Recorded information

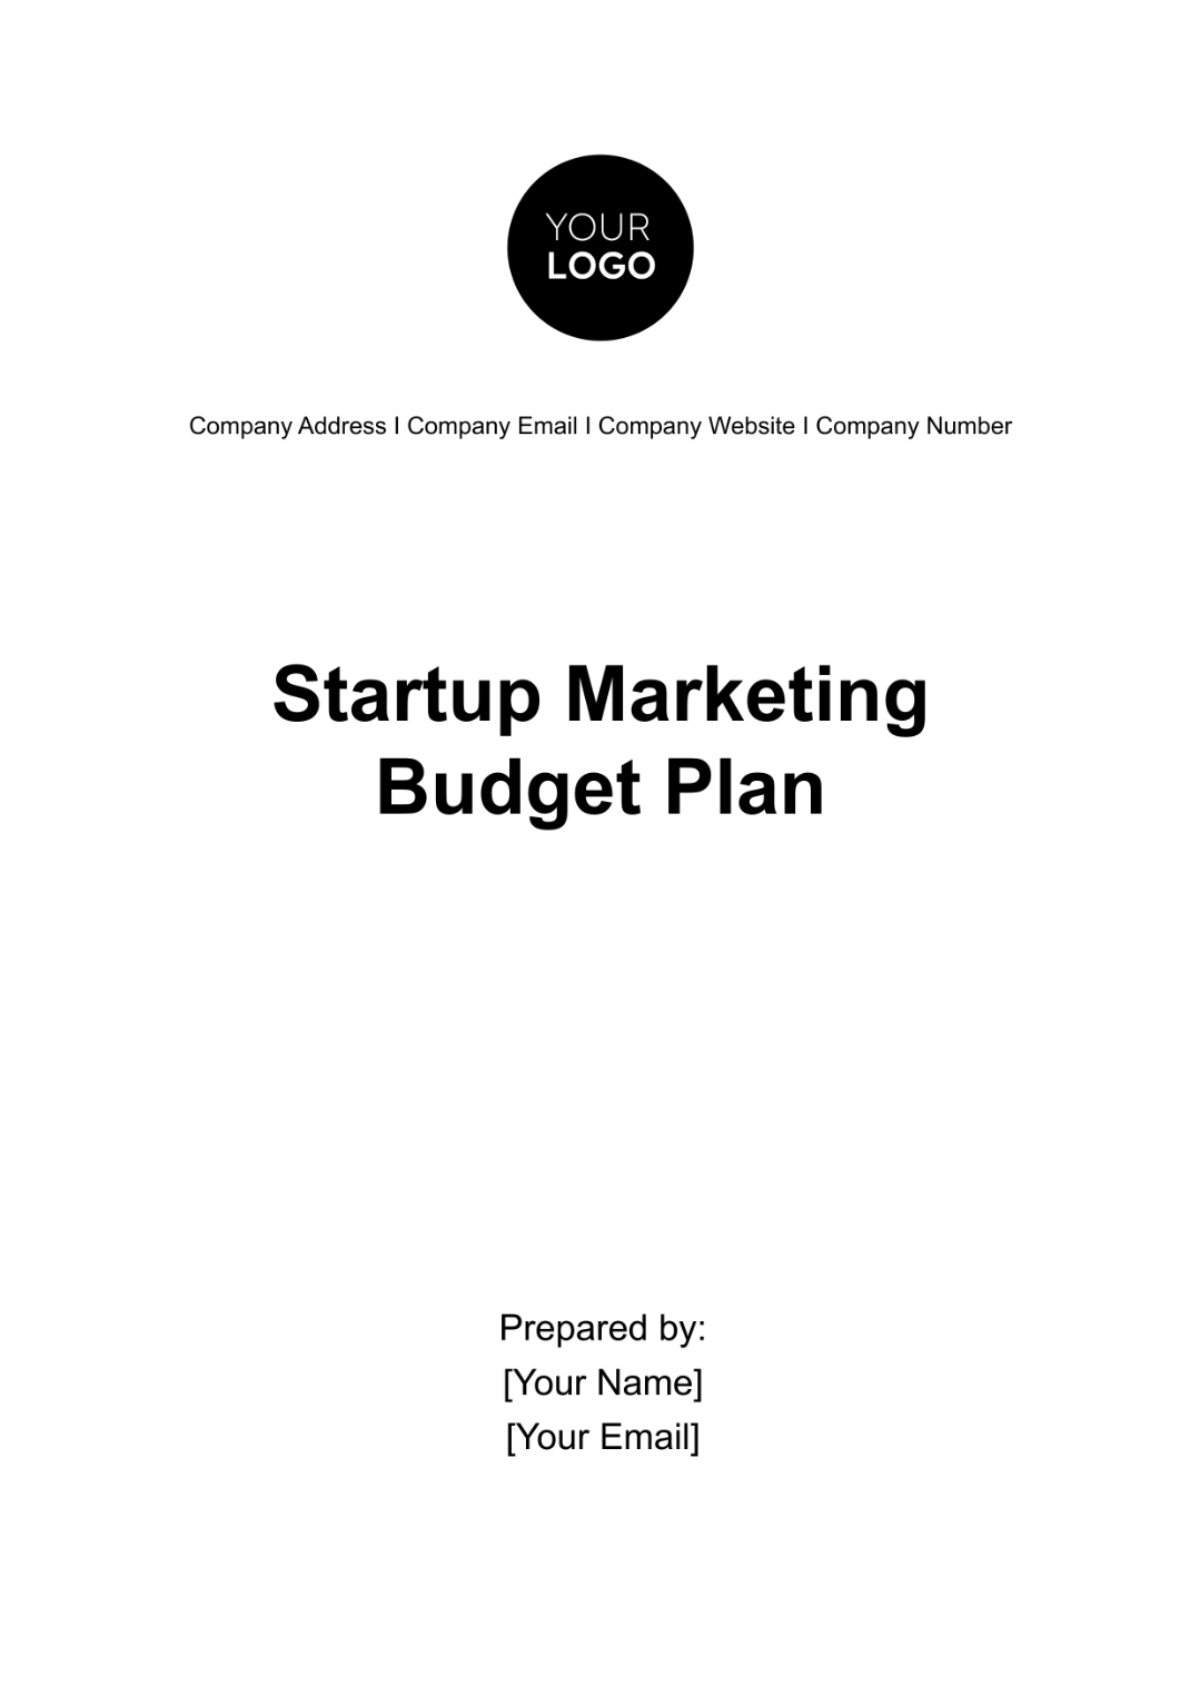 Startup Marketing Budget Plan Template
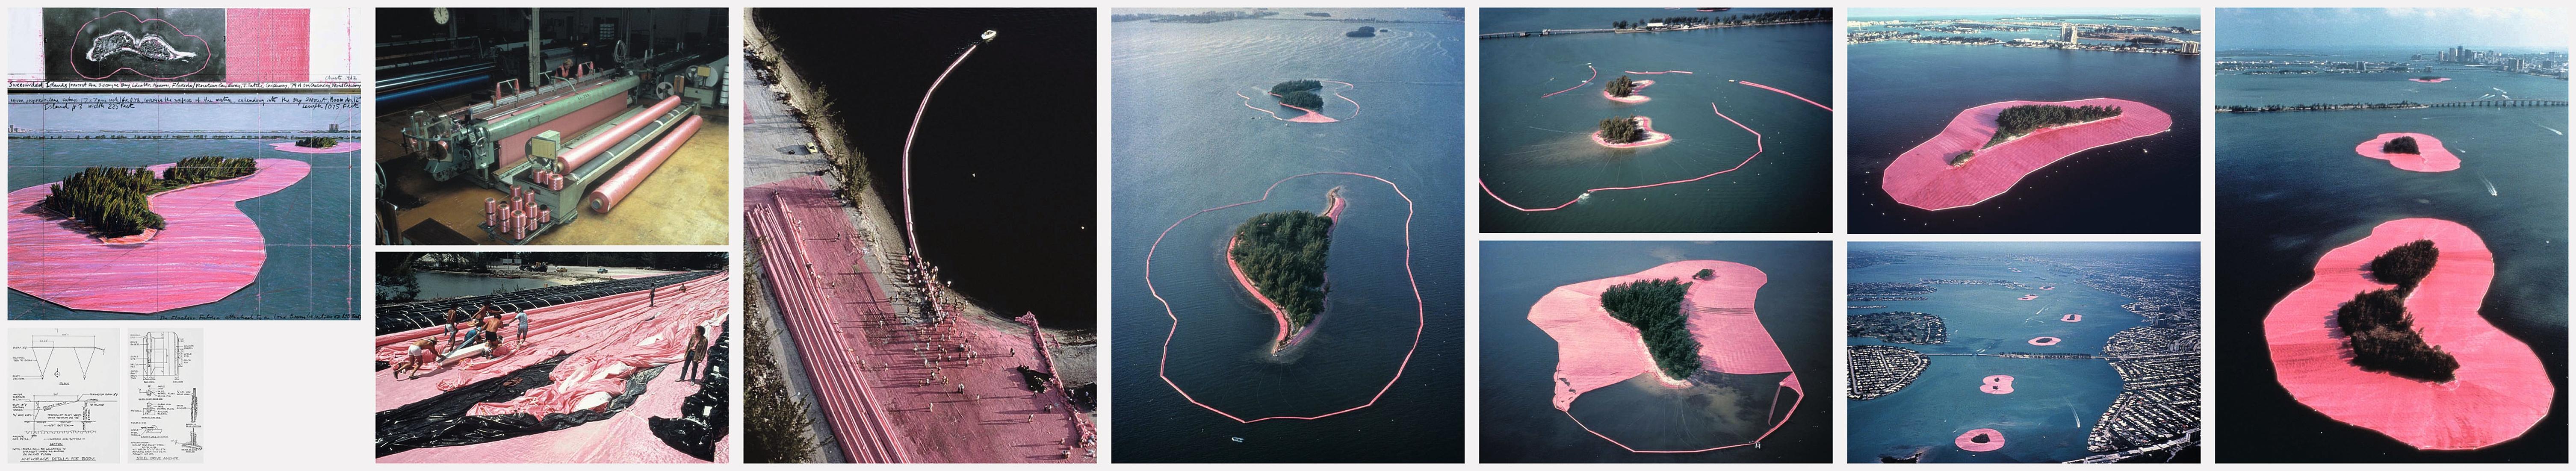 Christo and Jeanne-Claude Figurative Print - Surrounded Islands, Leporello, Concept Artist, Land Art, Contemporary Art
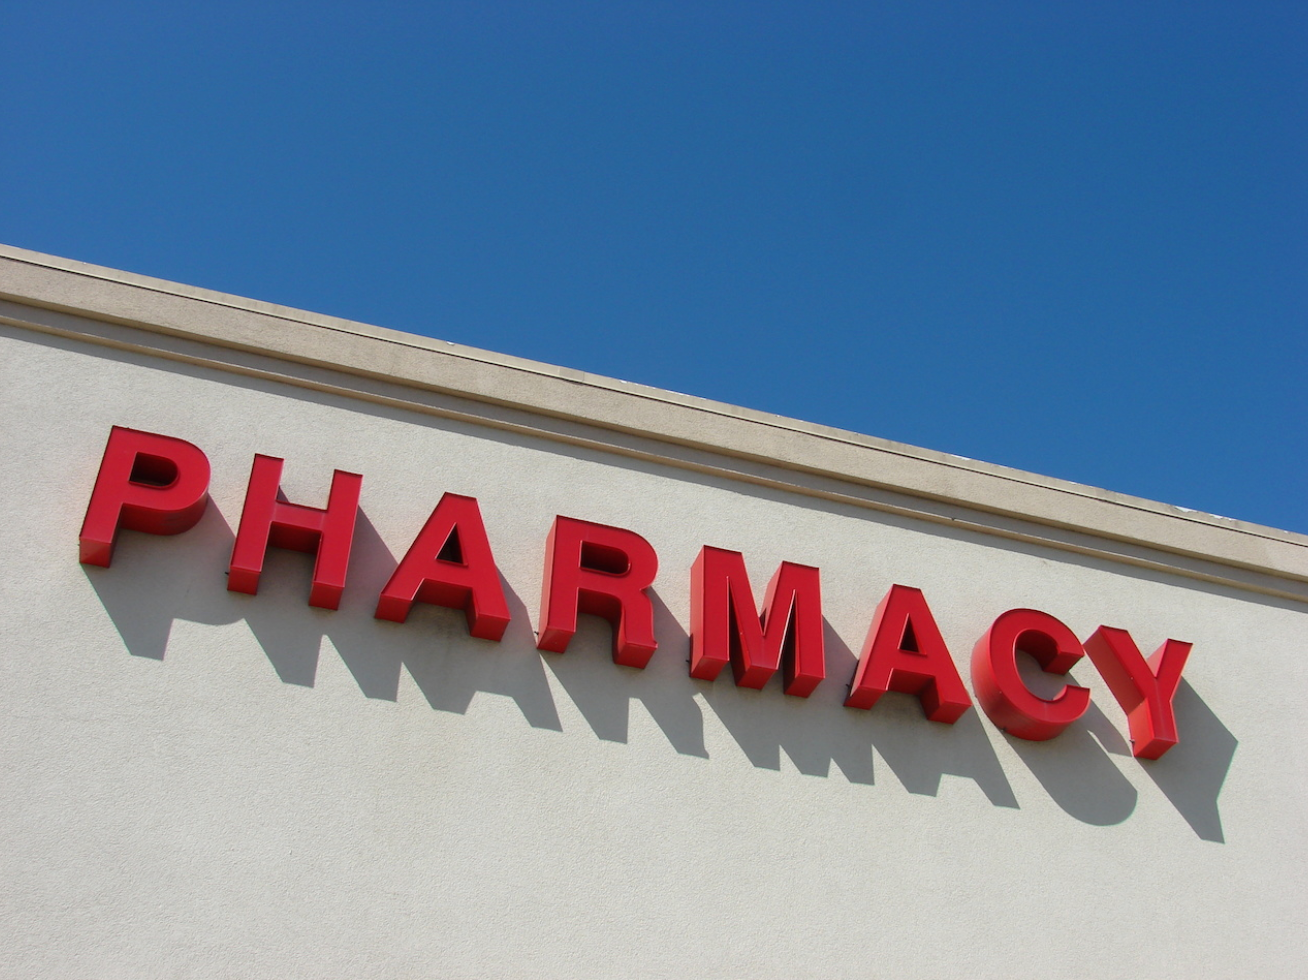 Pharmacy Quality Alliance Names New CEO
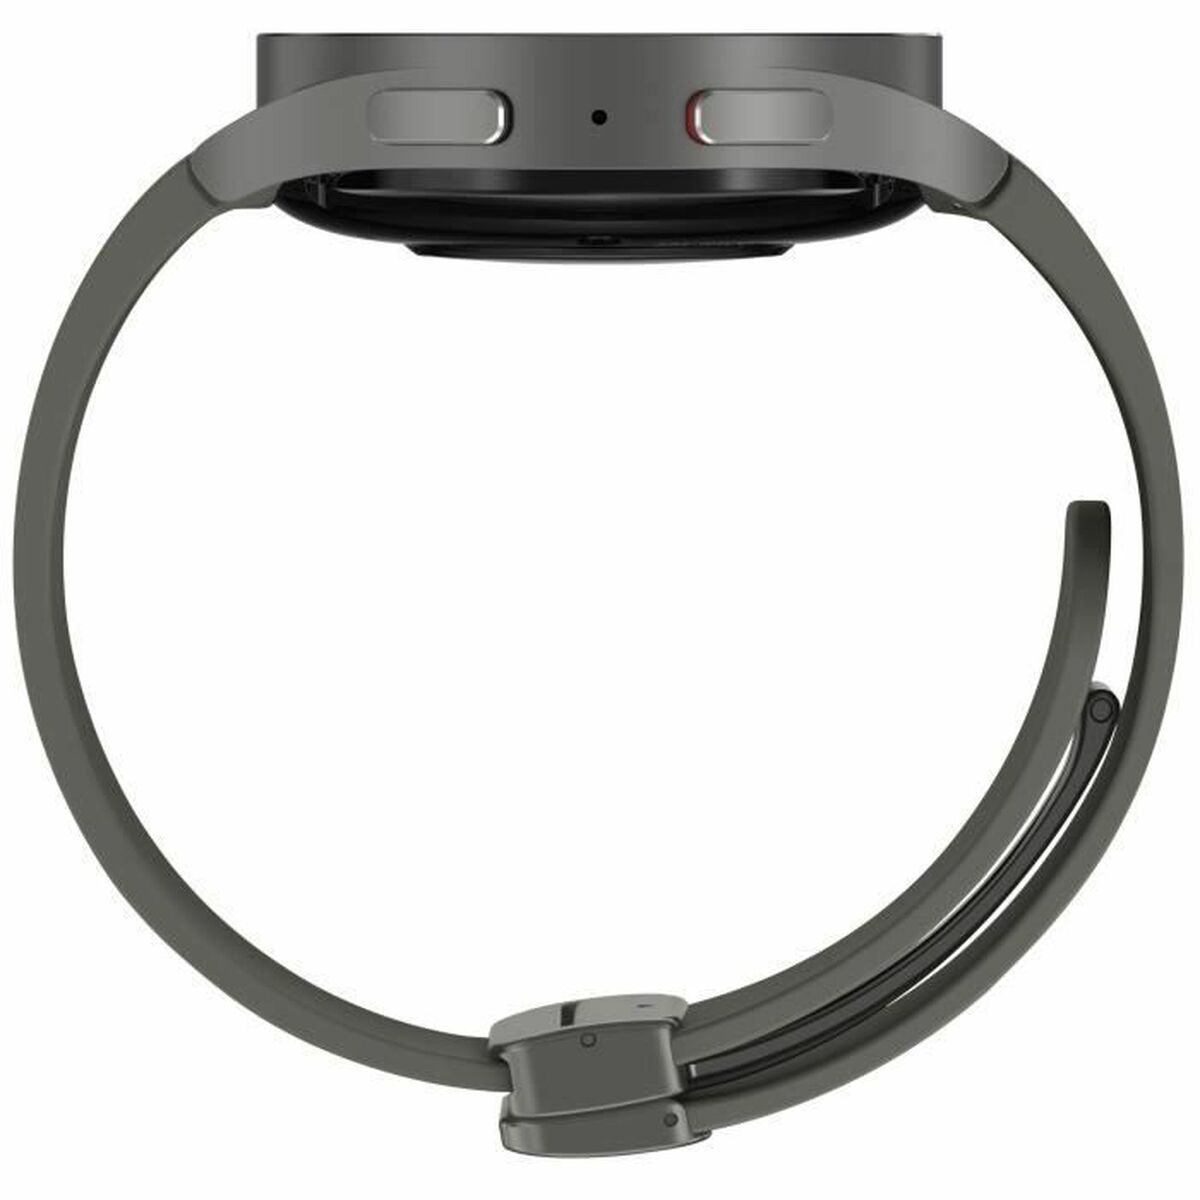 SAMSUNG Watch5 Pro Smartwatch silicone, Silver/Black

Assignment
In the listing, find the line with "Pharmacy Quality Alliance Names New CEO" and retype exactly from there through the last line, both included, leaving the pictures out.

Answer section
 Pharmacy Quality Alliance Names New CEO
 SAMSUNG Watch5 Pro Smartwatch silicone, Silver/Black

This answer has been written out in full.